### EXERCISE PROMPT
Every line from the one with "This ring in" up to and including the one with "Butterfly Ring in white gold, emeralds, and" is to be output exactly as it appears below; pictures are not.

─── ENTRIES PROVIDED

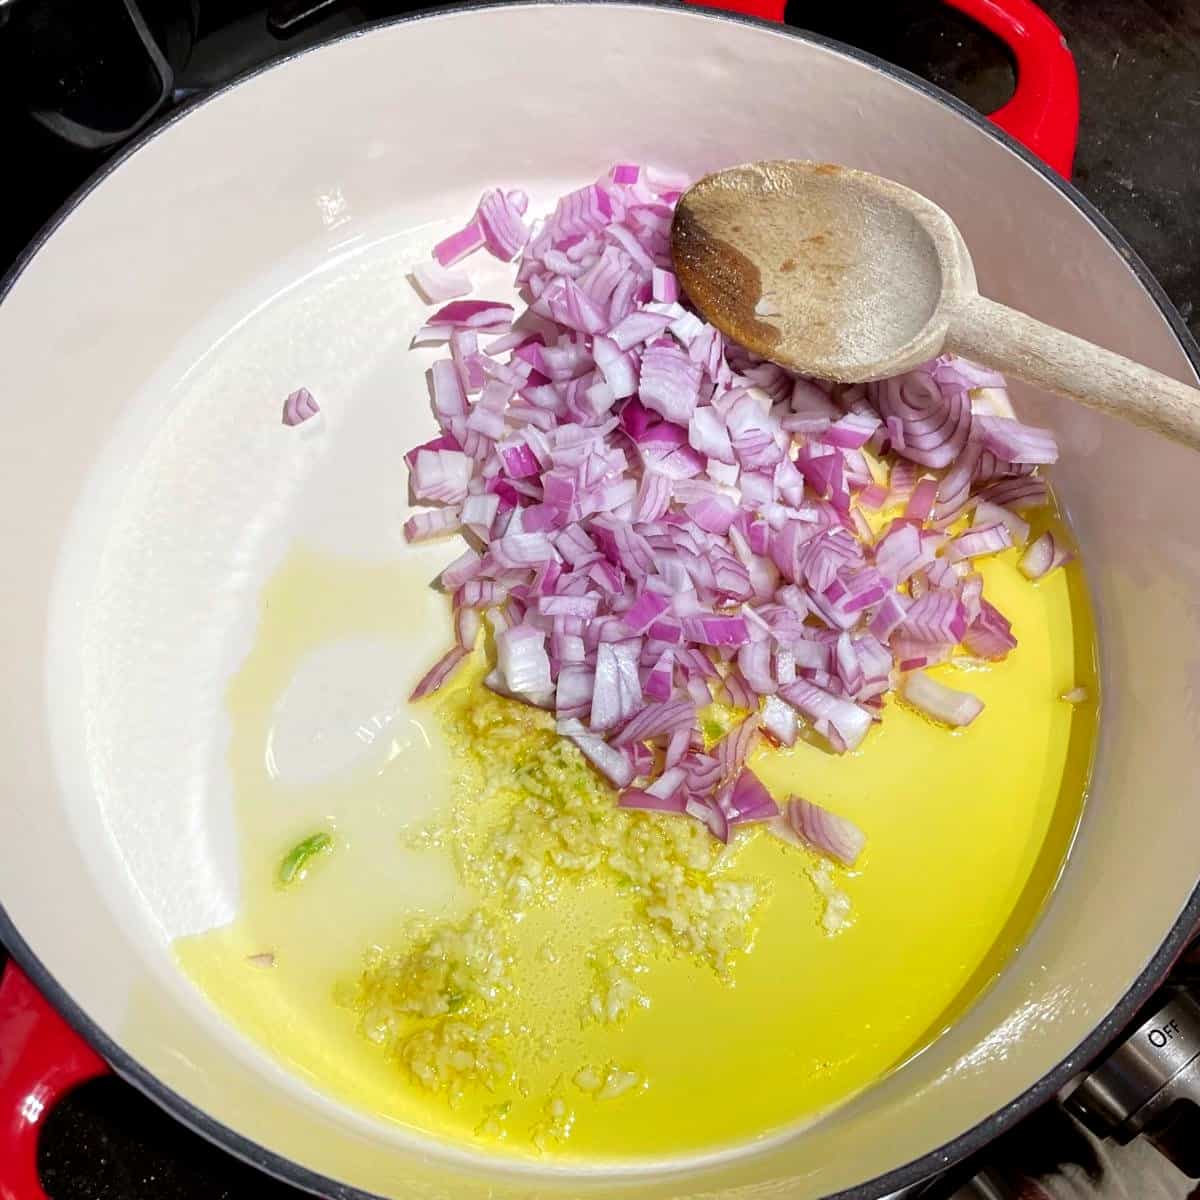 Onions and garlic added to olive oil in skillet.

──────
─── ENTRIES PROVIDED

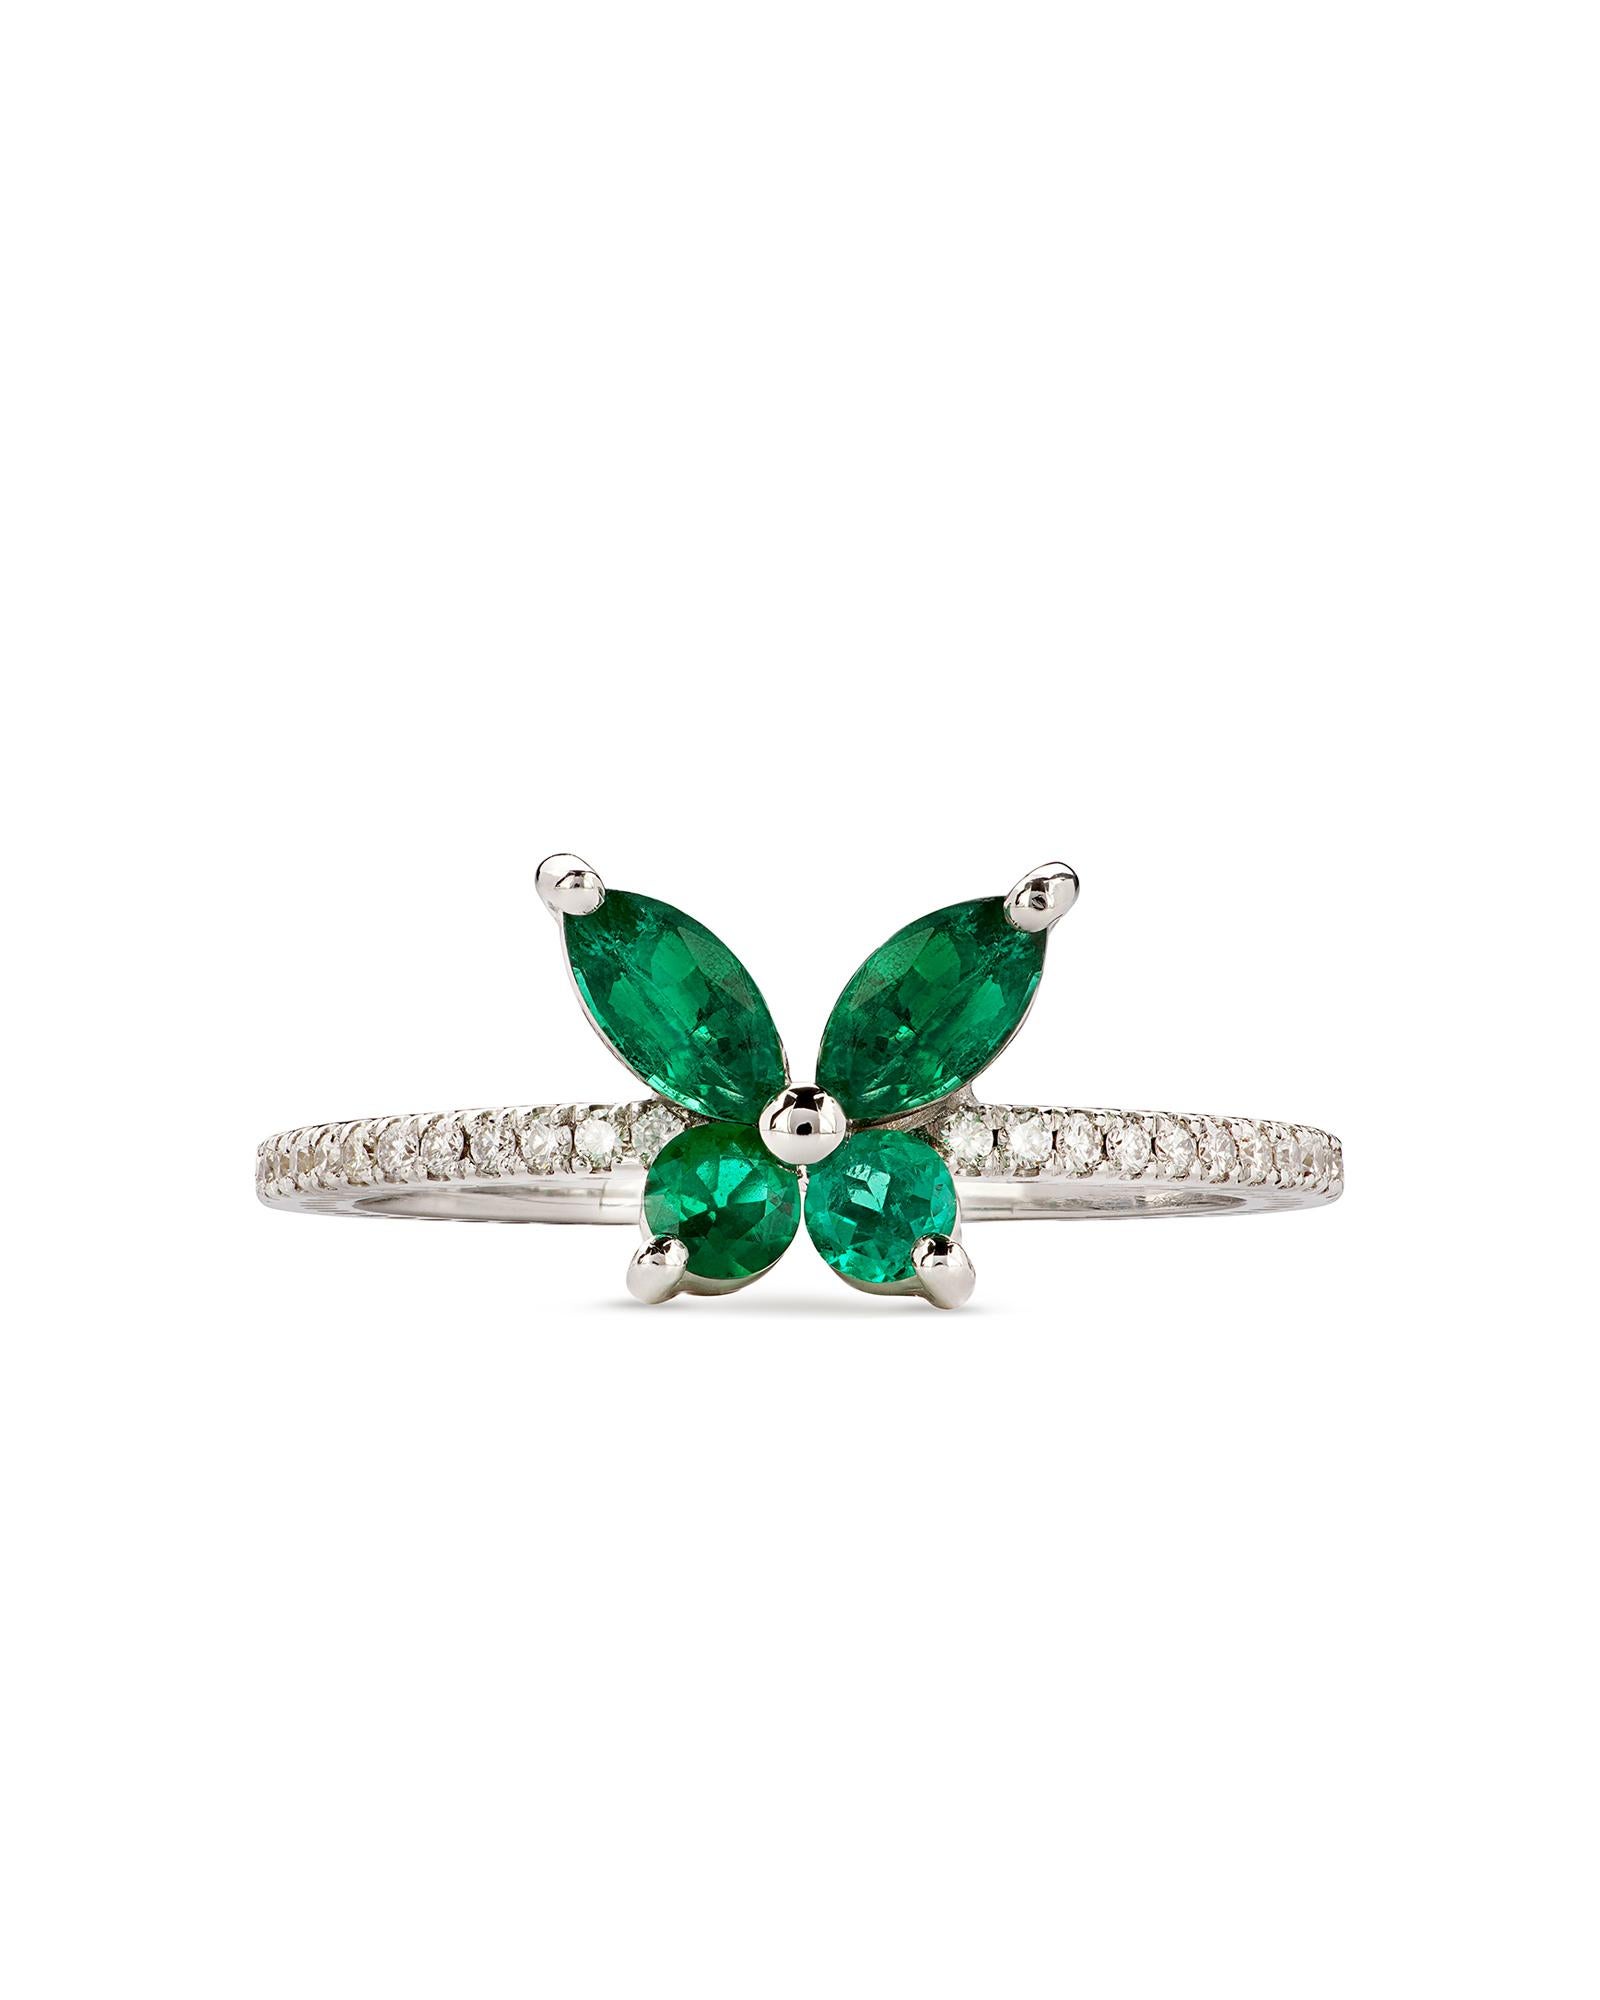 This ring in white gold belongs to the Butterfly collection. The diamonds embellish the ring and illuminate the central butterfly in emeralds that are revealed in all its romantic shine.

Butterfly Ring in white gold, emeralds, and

──────

### PROBLEM SOLUTION
 This ring in white gold belongs to the Butterfly collection. The diamonds embellish the ring and illuminate the central butterfly in emeralds that are revealed in all its romantic shine.

Butterfly Ring in white gold, emeralds, and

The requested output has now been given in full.